Ryland died at Enfield on 24 July 1792, and was buried at Northampton, his funeral sermon being preached by John Rippon and published. An elegy by "Legatus" also appeared (London, 1792).

Works
Ryland published to the point of money troubles, and as his friends James Hervey and Augustus Toplady told him, he would have done more if he had done less. With James Ferguson he issued An Easy Introduction to Mechanics, 1768, and A Series of Optical Cards. He contributed to the Baptist Register edited by John Rippon, wrote many of the articles for Charles Buck's Theological Dictionary, London, 1802, and edited Edward Polhill's Christus in Corde, Francis Quarles's Emblems, Jonathan Edwards's Sermons (1780), and Cotton Mather's Student and Preacher (1781).

Ryland's own publications (issued at London unless otherwise stated) were:

Memoir of J. Alleine, 1766; 2nd ed. 1768.
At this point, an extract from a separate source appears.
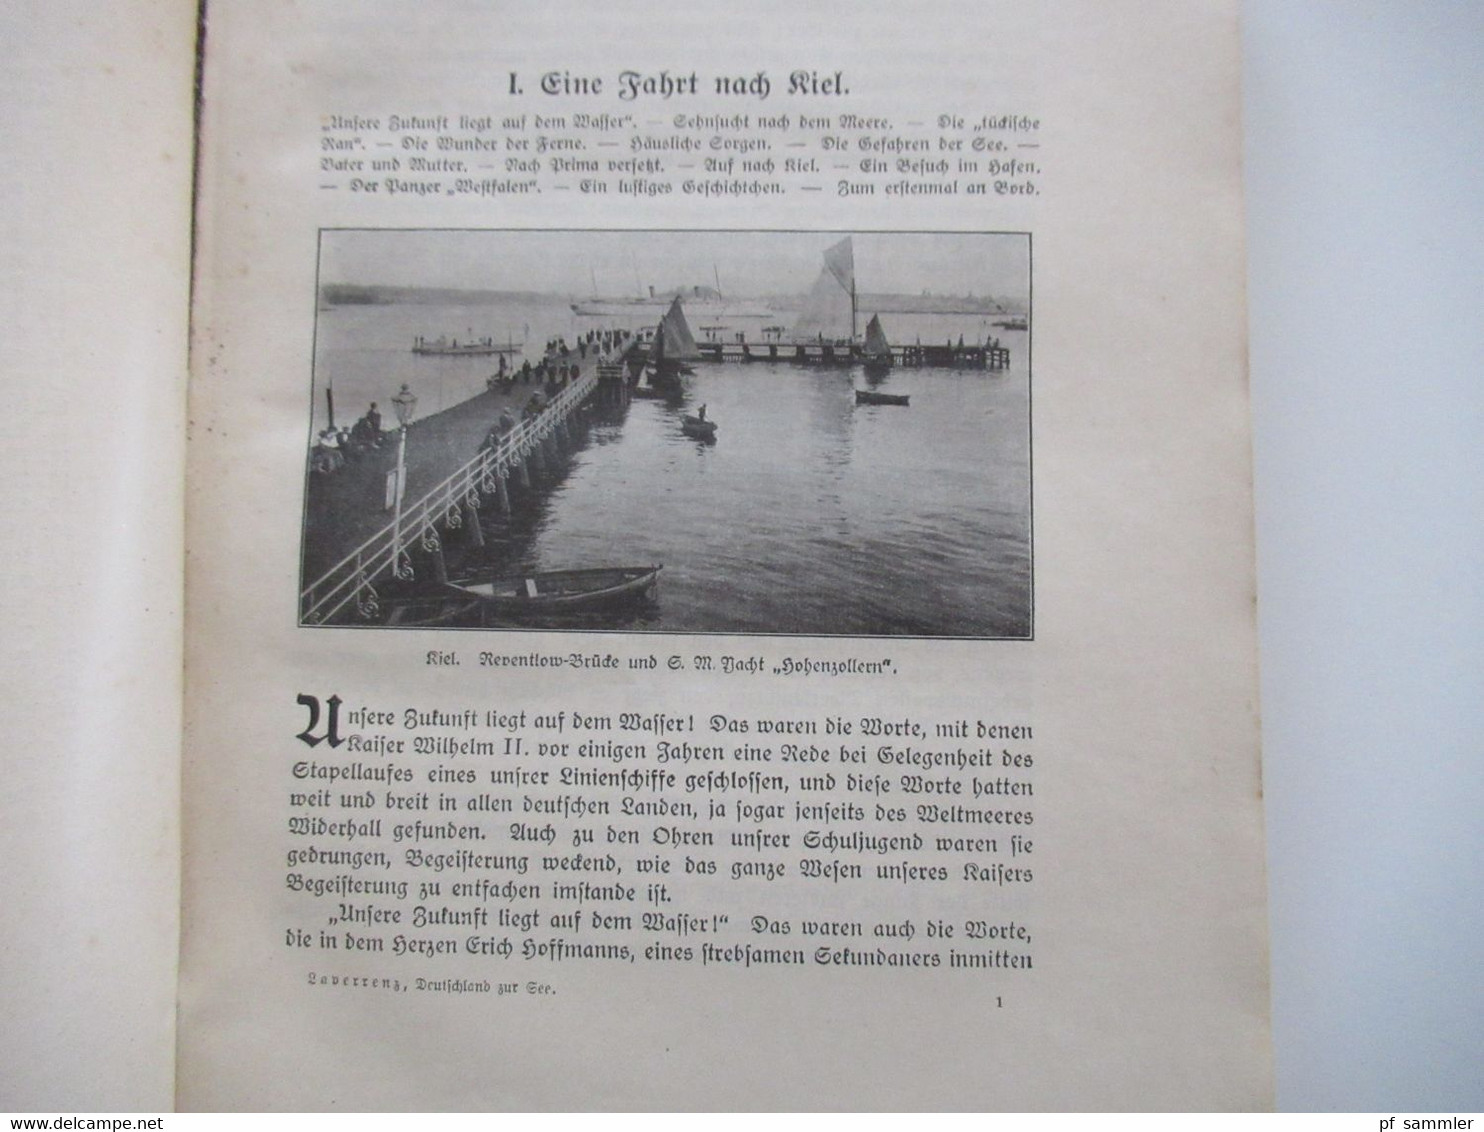 Deutschland zur See. Bilder aus dem deutschen Kriegsschiffleben von Victor Laverrenz um 1915

Contemplation on the Nature and Evidences of Divine Inspiration, Northampton, 1776. These last three, with additions, were republished (Northampton, 1779) with portrait, as Contemplations on the Beauties of Creation; 3rd ed. 3 vols. Northampton, 1780. 
The Preceptor or Counsellor of Human Life, 1776.

Character of James Hervey, with Letters, 1790.
A Translation of John Owen's Demonstrations of Divine Justice, 1790.
A Picture of Popery, prefixed to Luther's Discourses by Capt. Henry Bell; 2nd ed. 1791.

Evidences that the Christian Religion is of God; 2nd ed. 1798.
Select Essays on the Moral Virtue, and on Genius, Science, and Taste, 1792.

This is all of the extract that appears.